Educational technology has created a new environment of openness to reformulating pedagogies—a wider range of educational approaches are emerging, and we are increasingly able to validate results through assessment and data analysis.
Taking a look through time, when we consider instructional strategies in the context of current and historical trends, it can be enlightening to go back to the earliest teaching and learning practices.
Doing so, we find that our new instructional trends derive considerably from very old methods!
Anything that we have to learn to do we learn by the actual doing of it… We become just by doing just acts, temperate by doing temperate ones, brave by doing brave ones.

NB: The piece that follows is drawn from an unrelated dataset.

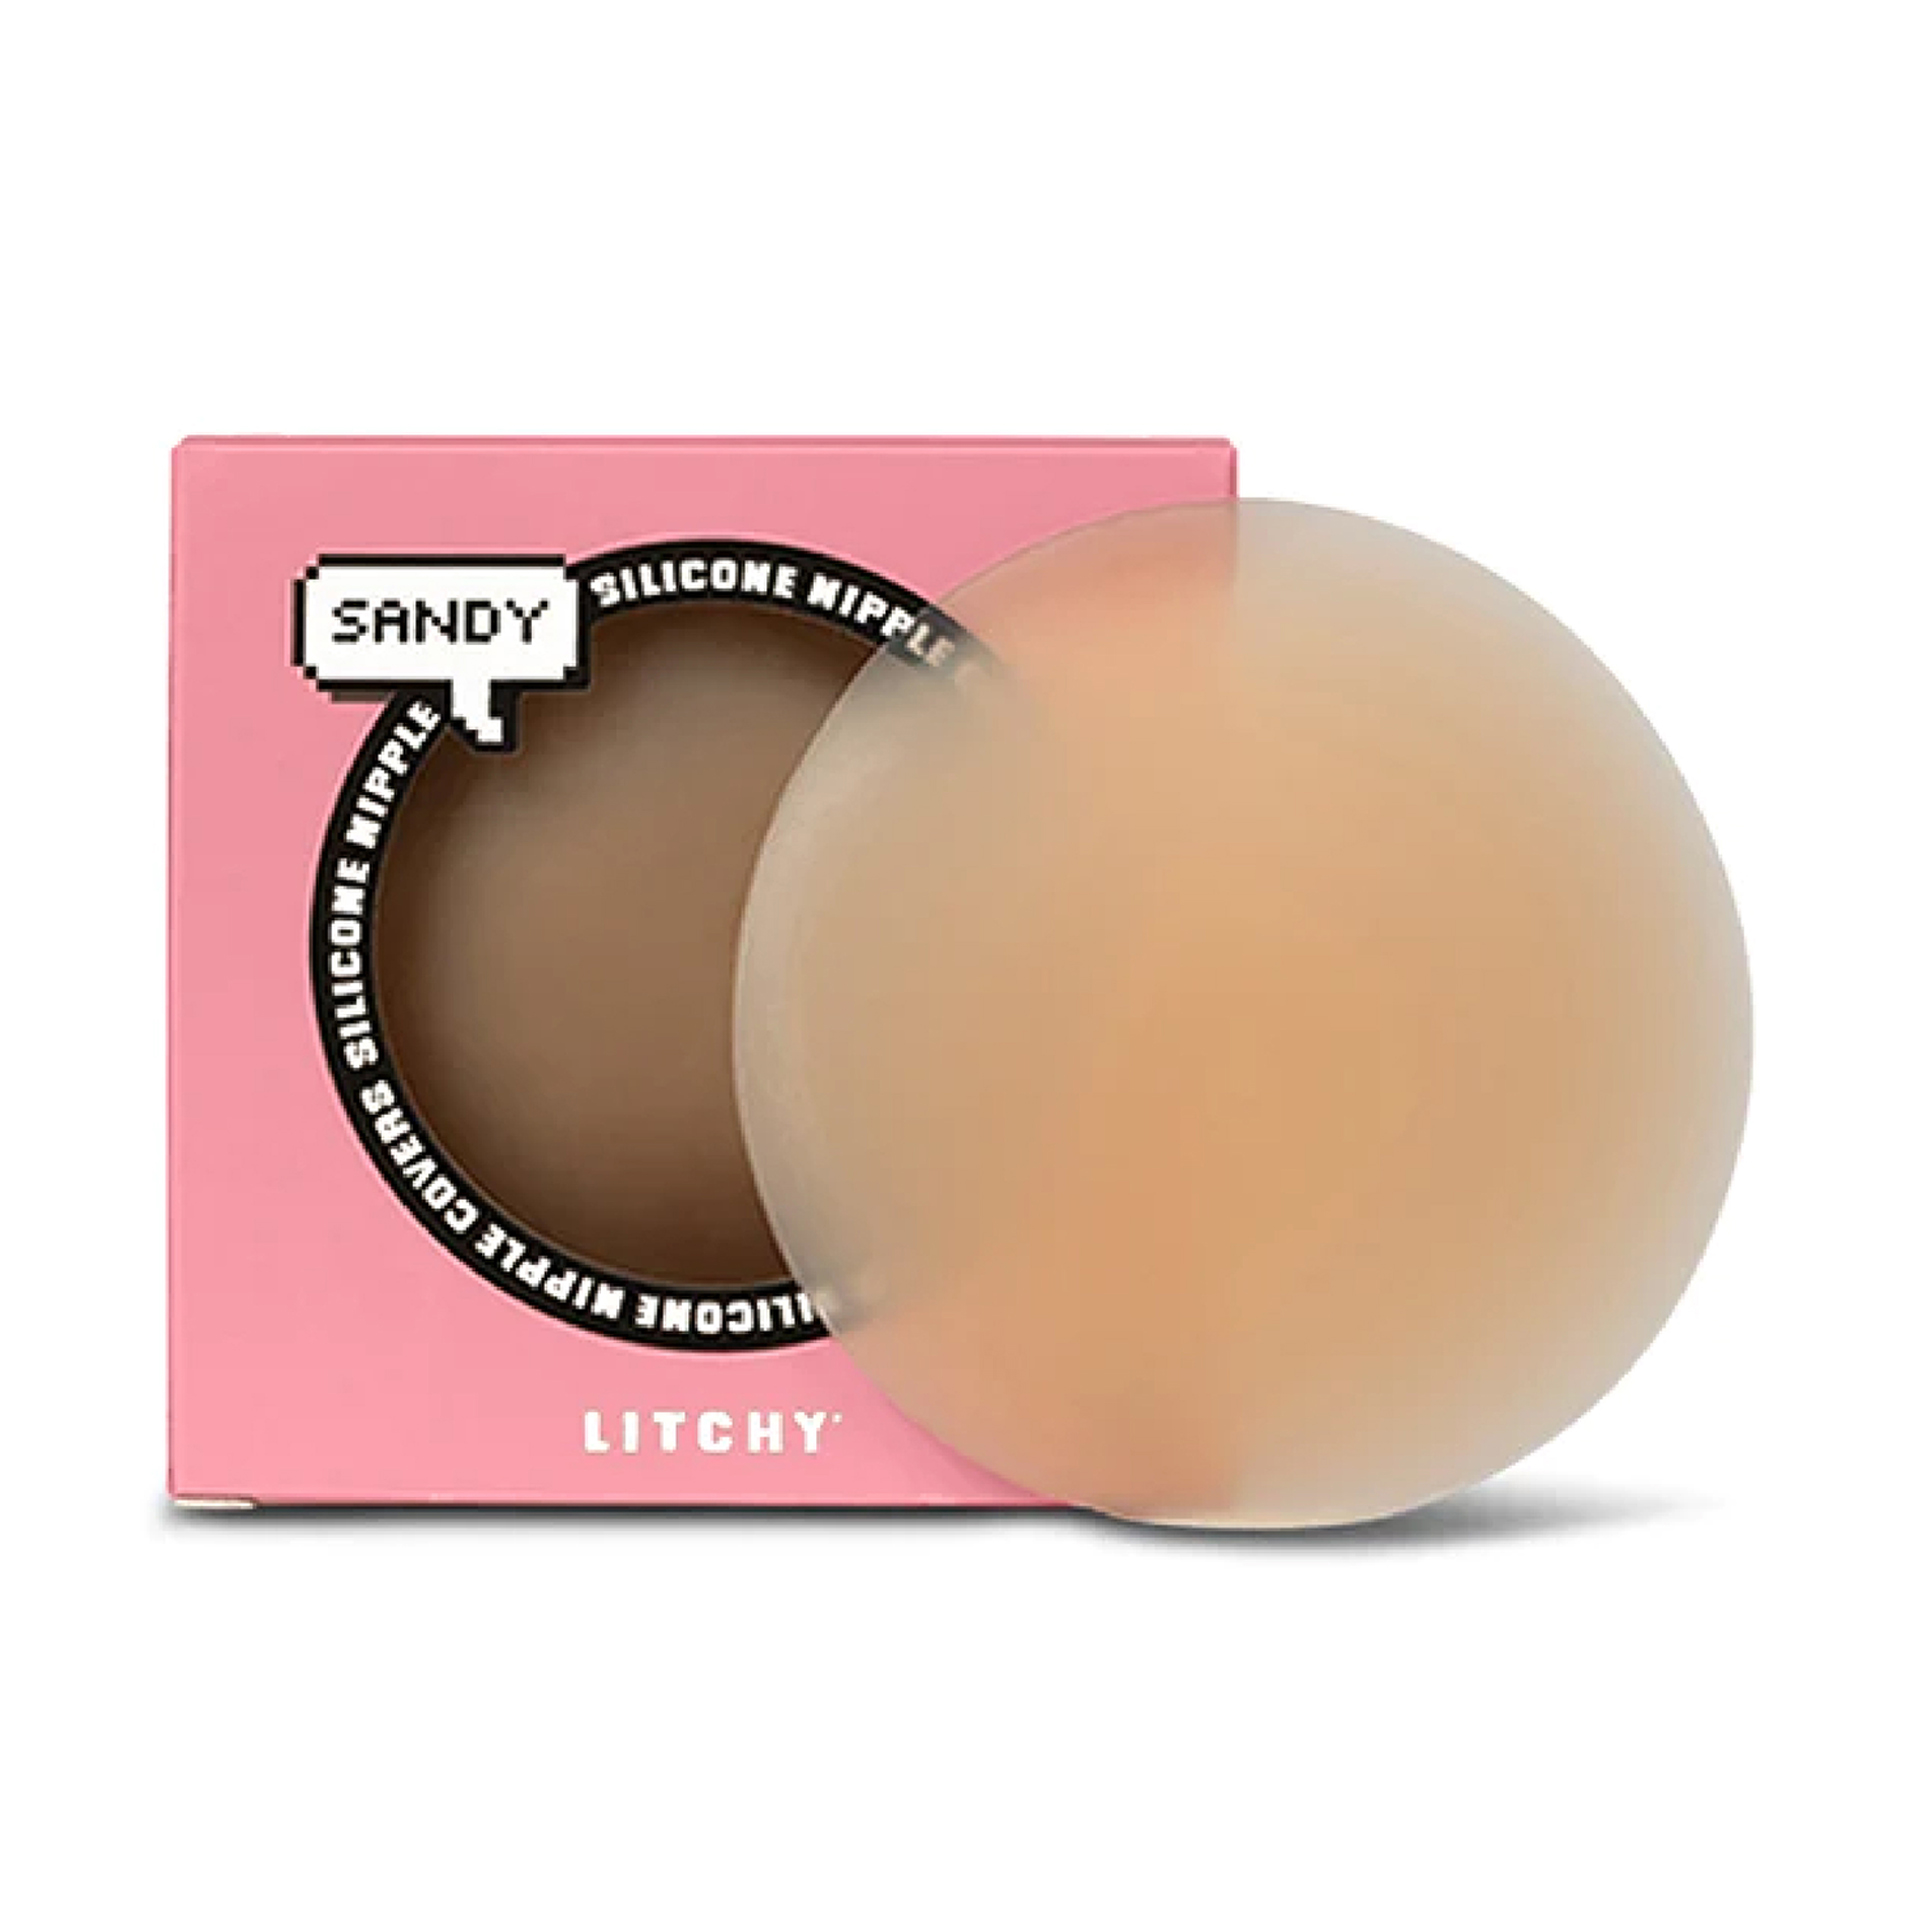 Litchy Silicone nipple covers 1

This quote by Aristotle is echoed in today's active learning trends: project-based learning, hackathons, apprenticeships, and other forms of experiential learning.

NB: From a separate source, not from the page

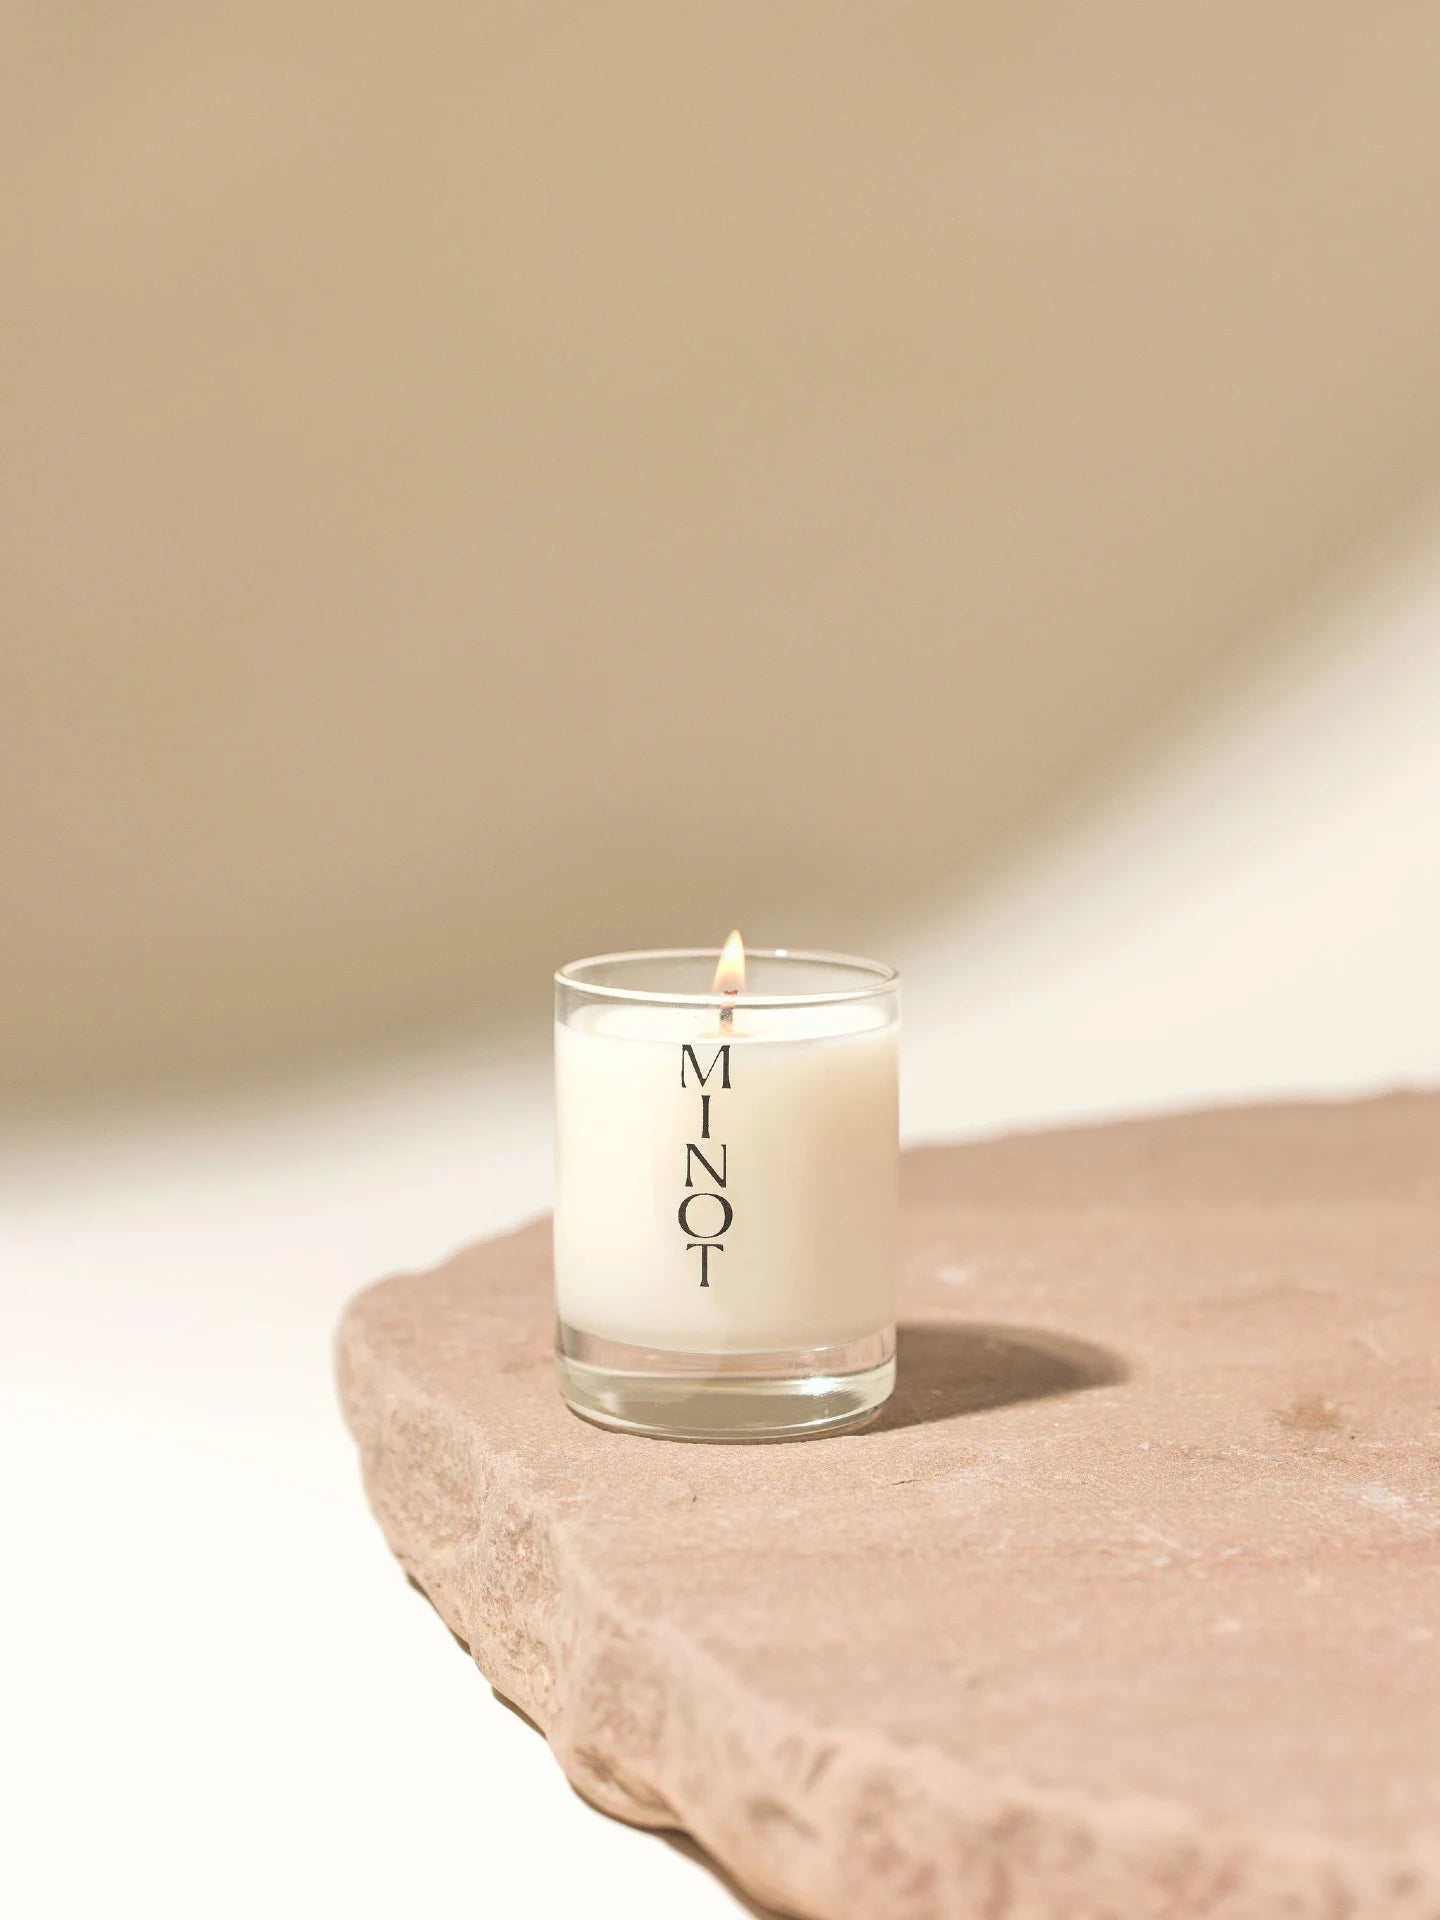 Summit Mini is an earthy, clean-burning soy wax candle that smells like evergreens atop a mountain

Even before the invention of writing, we know that societies had well-developed systems for retaining information over time, and for imparting knowledge and culture to each successive generation.
These systems certainly relied heavily on developing the strength and utilization of memory. Of course, the role of memory in learning hardly diminished even after the advent of writing, In the technology and information age, however, schools seem to be placing less value on memorization and memory skills.
Memorization has been a core part of religious learning in particular, since humans began telling stories and developing oral traditions. Ancient cultures developed a range of methods to transmit knowledge: mnemonic techniques like the method of loci (memory palace), repetitive chanting, and codification of knowledge into symbolic representations, just to name a few.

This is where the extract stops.